■ **Material provided**
================================
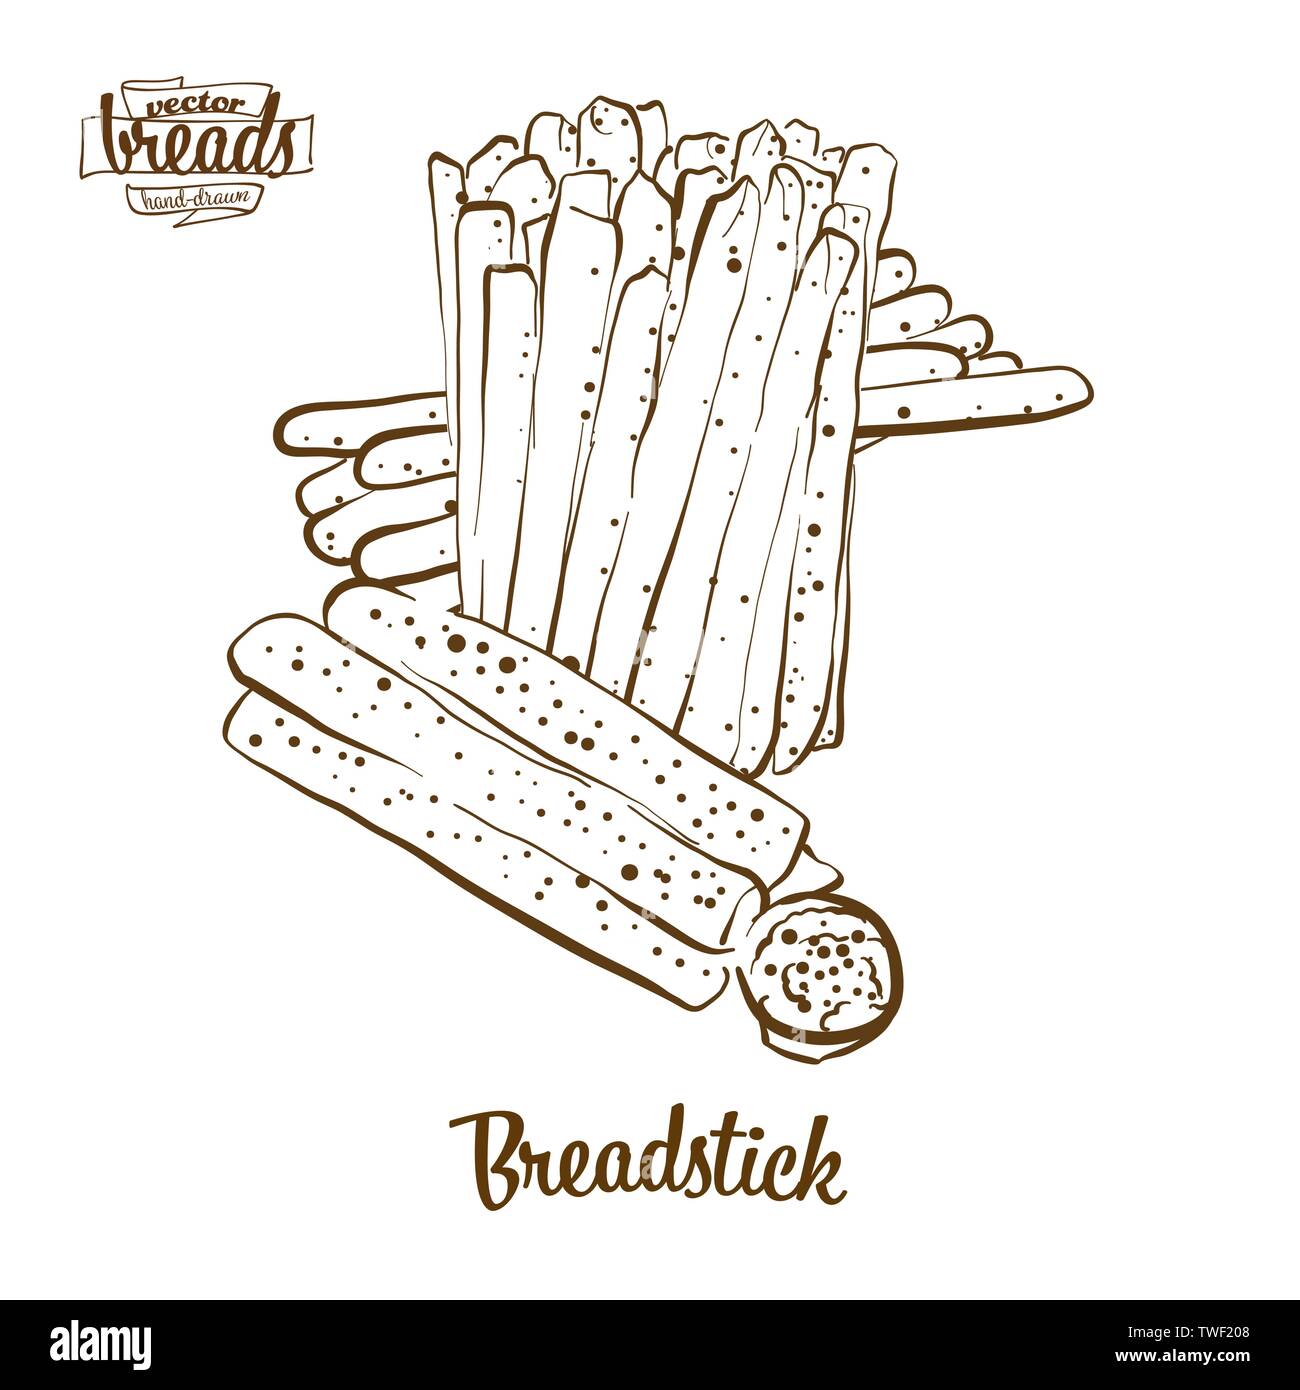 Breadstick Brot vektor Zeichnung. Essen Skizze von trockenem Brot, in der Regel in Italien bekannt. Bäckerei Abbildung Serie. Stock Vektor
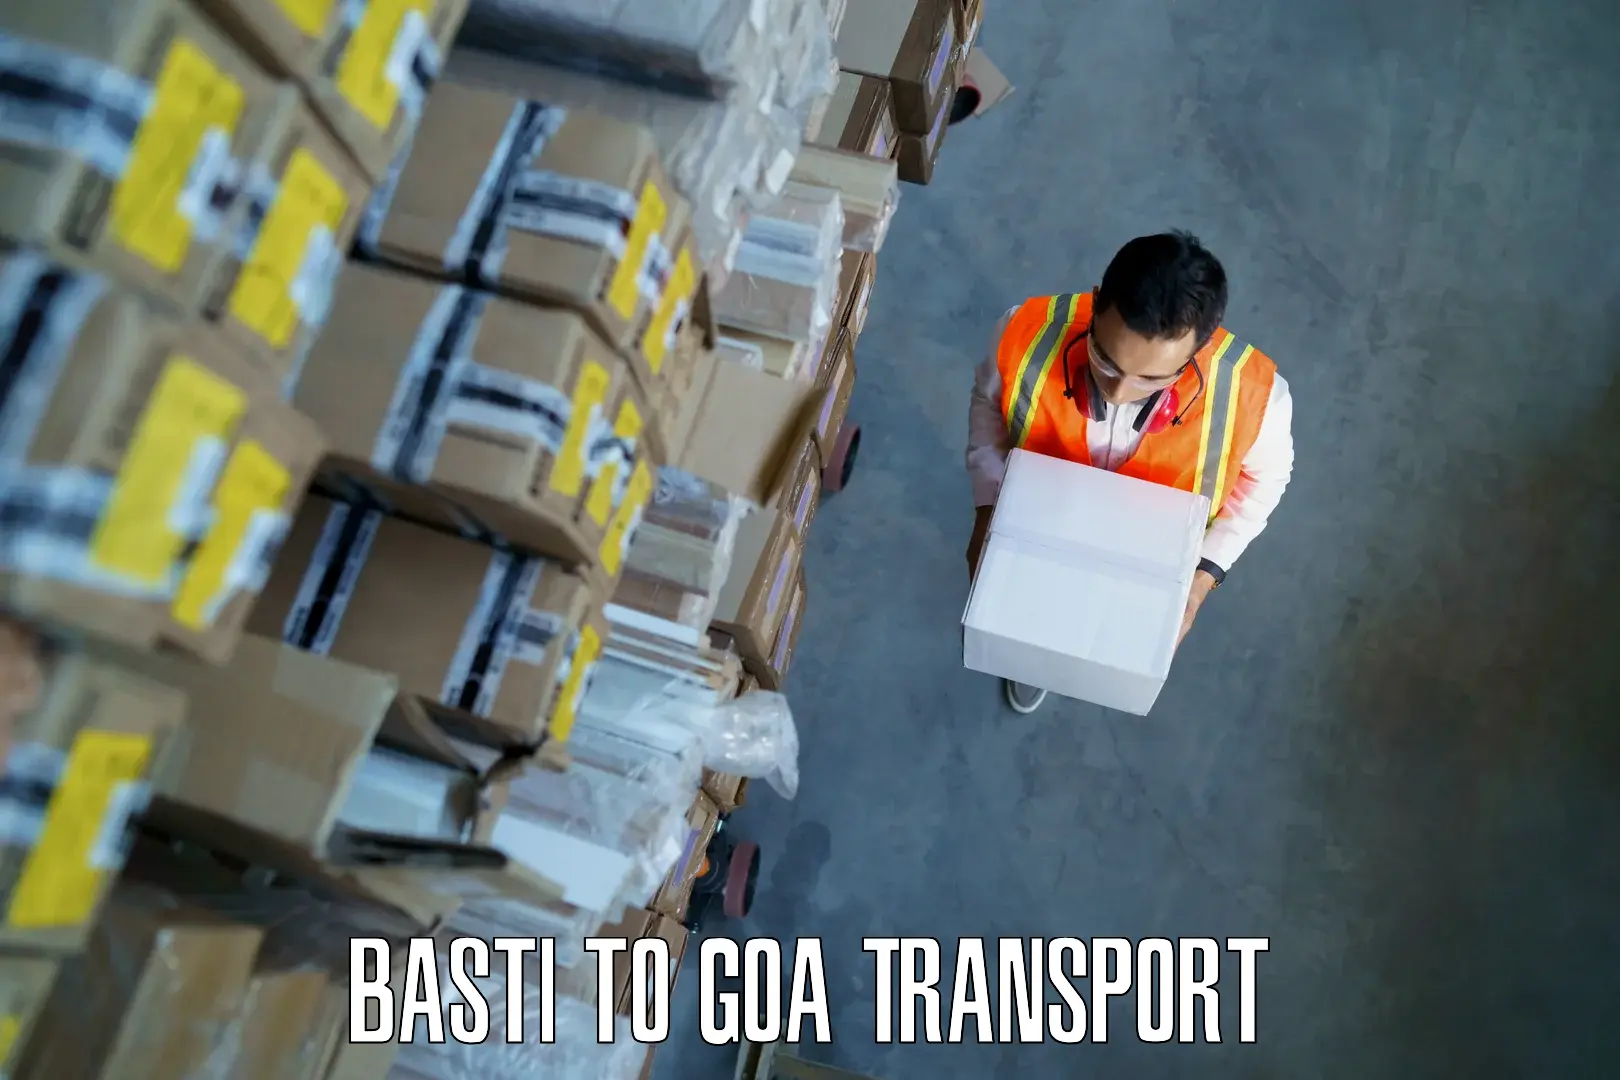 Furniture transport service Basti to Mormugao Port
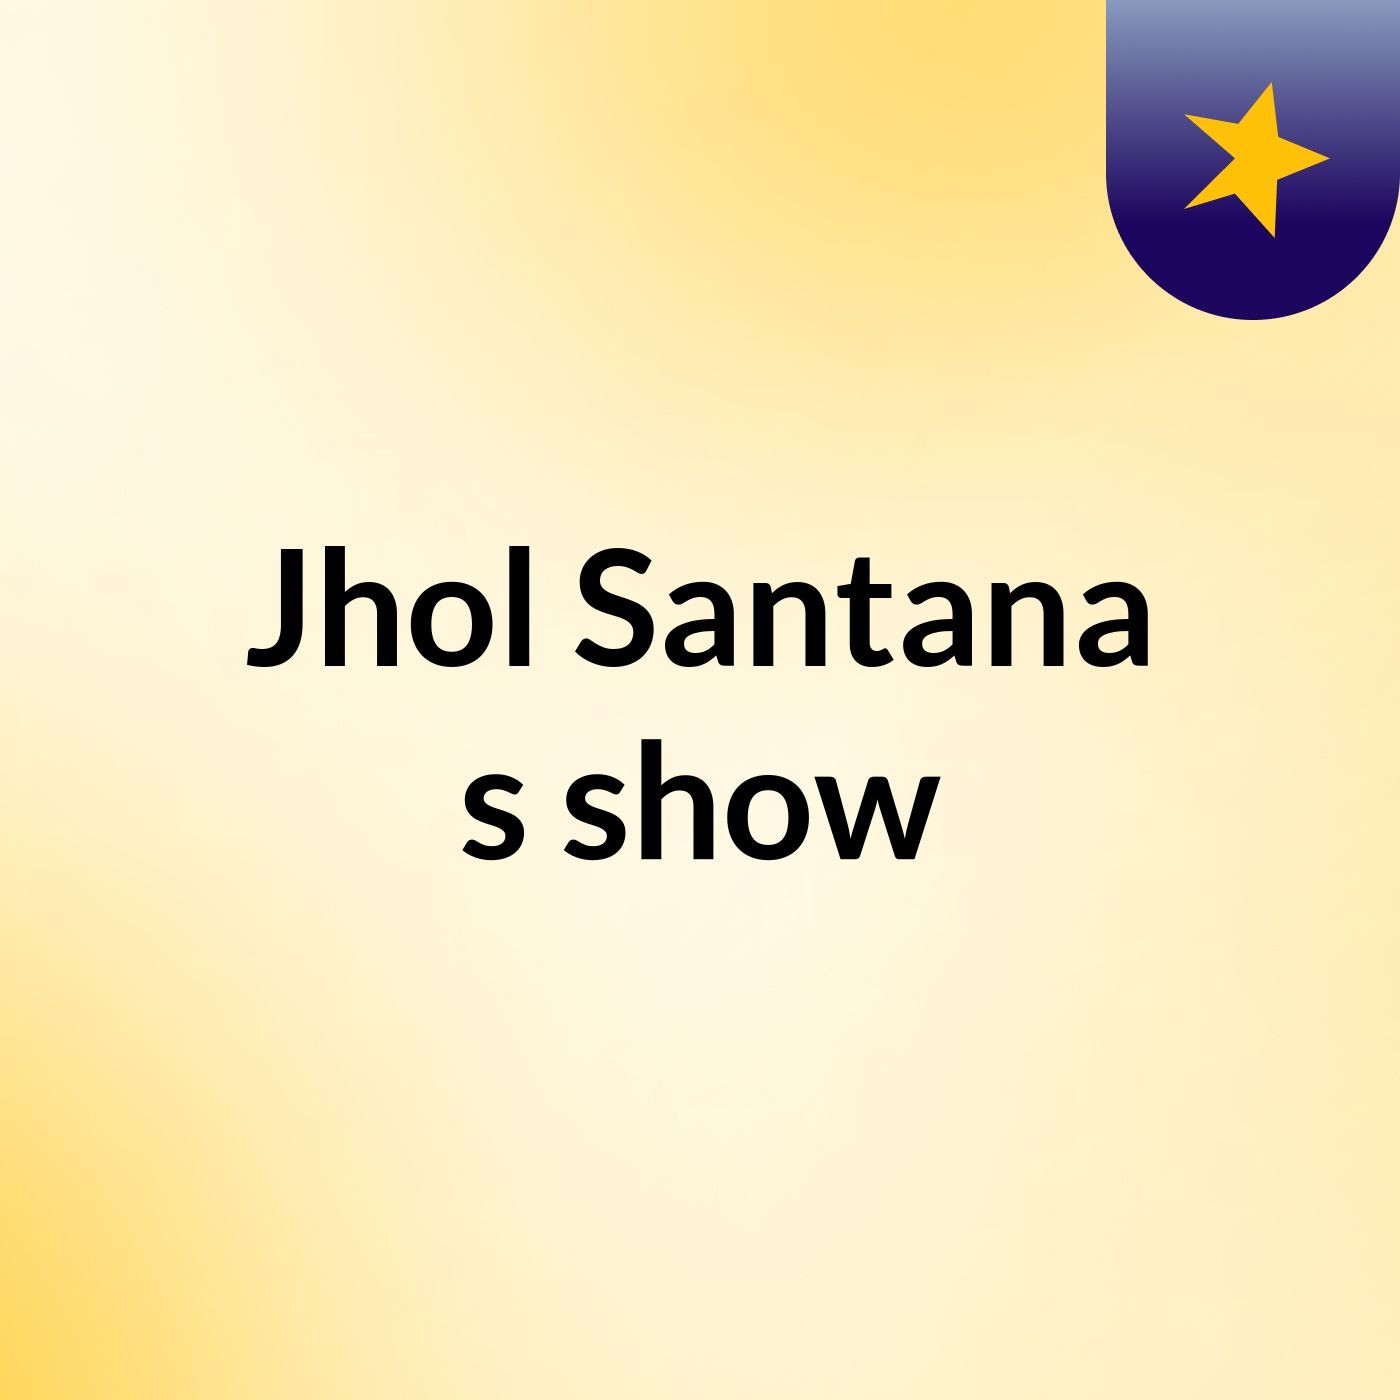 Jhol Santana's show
================================
Once the line holding "Furniture transport service" is found, copy it and each later line exactly through the end of the data, leaving out the pictures.

■ **Exercise output**
 Furniture transport service Basti to Mormugao Port
 Jhol Santana's show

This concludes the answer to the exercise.